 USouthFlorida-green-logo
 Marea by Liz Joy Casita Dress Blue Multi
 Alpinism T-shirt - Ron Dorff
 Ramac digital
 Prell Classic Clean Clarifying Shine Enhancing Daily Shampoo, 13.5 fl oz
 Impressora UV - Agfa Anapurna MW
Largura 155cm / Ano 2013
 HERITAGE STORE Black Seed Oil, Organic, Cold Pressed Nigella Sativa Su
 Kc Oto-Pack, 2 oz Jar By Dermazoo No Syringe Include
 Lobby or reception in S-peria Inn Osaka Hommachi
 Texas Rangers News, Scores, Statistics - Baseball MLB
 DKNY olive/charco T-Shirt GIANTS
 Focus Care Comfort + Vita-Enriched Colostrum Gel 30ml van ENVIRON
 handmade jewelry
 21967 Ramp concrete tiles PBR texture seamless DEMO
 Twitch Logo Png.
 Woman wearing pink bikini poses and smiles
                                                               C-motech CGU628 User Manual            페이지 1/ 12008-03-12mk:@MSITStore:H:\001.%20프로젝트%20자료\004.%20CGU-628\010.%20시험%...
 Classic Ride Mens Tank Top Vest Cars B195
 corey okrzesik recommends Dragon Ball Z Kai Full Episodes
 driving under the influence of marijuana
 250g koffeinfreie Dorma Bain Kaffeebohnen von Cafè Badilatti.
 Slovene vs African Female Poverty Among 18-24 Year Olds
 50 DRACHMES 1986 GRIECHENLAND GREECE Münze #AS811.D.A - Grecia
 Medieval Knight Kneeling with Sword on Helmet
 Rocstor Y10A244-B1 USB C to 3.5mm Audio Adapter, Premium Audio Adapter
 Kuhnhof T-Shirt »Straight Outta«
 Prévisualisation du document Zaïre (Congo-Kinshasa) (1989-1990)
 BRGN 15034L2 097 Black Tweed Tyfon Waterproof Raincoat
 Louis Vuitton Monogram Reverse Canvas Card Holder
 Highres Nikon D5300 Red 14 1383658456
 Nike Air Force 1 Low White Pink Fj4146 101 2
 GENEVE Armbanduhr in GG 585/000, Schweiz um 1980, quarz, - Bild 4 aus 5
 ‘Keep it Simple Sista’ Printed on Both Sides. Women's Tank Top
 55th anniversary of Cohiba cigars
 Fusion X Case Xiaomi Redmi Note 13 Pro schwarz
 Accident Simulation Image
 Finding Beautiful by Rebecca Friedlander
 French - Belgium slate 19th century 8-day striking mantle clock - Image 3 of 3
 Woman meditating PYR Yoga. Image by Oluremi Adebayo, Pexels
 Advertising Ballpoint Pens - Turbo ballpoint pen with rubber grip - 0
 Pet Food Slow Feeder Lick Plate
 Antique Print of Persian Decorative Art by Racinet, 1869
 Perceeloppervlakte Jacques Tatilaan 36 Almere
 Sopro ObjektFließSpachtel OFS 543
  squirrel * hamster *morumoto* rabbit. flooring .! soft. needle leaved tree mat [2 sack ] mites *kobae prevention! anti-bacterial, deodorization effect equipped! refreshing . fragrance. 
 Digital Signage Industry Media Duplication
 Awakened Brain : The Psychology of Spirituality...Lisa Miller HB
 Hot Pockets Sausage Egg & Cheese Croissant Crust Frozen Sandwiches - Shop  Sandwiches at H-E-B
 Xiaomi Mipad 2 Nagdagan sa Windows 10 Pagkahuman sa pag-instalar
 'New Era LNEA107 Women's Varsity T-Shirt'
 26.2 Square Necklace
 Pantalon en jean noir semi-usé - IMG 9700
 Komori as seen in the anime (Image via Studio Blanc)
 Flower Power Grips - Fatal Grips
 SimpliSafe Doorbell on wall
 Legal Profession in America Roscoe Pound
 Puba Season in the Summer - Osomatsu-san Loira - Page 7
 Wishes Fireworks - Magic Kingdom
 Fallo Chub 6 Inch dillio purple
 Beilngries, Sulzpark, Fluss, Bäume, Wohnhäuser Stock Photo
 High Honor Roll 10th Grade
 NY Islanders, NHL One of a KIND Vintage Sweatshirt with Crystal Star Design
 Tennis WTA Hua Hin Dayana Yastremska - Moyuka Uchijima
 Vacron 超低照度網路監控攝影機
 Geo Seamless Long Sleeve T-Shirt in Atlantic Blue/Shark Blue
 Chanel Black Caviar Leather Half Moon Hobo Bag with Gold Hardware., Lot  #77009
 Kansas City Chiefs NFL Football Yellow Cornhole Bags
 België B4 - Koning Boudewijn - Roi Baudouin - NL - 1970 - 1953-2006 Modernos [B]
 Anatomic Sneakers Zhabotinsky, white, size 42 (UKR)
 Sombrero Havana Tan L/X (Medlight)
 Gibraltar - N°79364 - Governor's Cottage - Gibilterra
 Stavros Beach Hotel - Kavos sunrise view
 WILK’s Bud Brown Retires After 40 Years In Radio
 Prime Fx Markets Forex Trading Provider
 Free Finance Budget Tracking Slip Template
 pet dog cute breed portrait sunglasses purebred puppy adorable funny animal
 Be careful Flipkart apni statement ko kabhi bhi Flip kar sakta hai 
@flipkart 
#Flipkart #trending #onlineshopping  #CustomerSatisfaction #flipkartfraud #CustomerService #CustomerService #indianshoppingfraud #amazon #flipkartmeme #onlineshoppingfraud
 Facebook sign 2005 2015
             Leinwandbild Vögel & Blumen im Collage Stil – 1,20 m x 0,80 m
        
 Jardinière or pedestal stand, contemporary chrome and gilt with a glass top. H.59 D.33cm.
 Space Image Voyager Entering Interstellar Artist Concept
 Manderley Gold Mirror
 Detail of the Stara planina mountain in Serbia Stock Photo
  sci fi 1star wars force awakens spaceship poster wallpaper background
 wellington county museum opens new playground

----------

WHAT YOU ARE ASKED TO DO
Only lines holding "Woman" are wanted; copy all of them from the listing.

RESPONSE TO THIS TASK
 Woman wearing pink bikini poses and smiles
 Woman meditating PYR Yoga. Image by Oluremi Adebayo, Pexels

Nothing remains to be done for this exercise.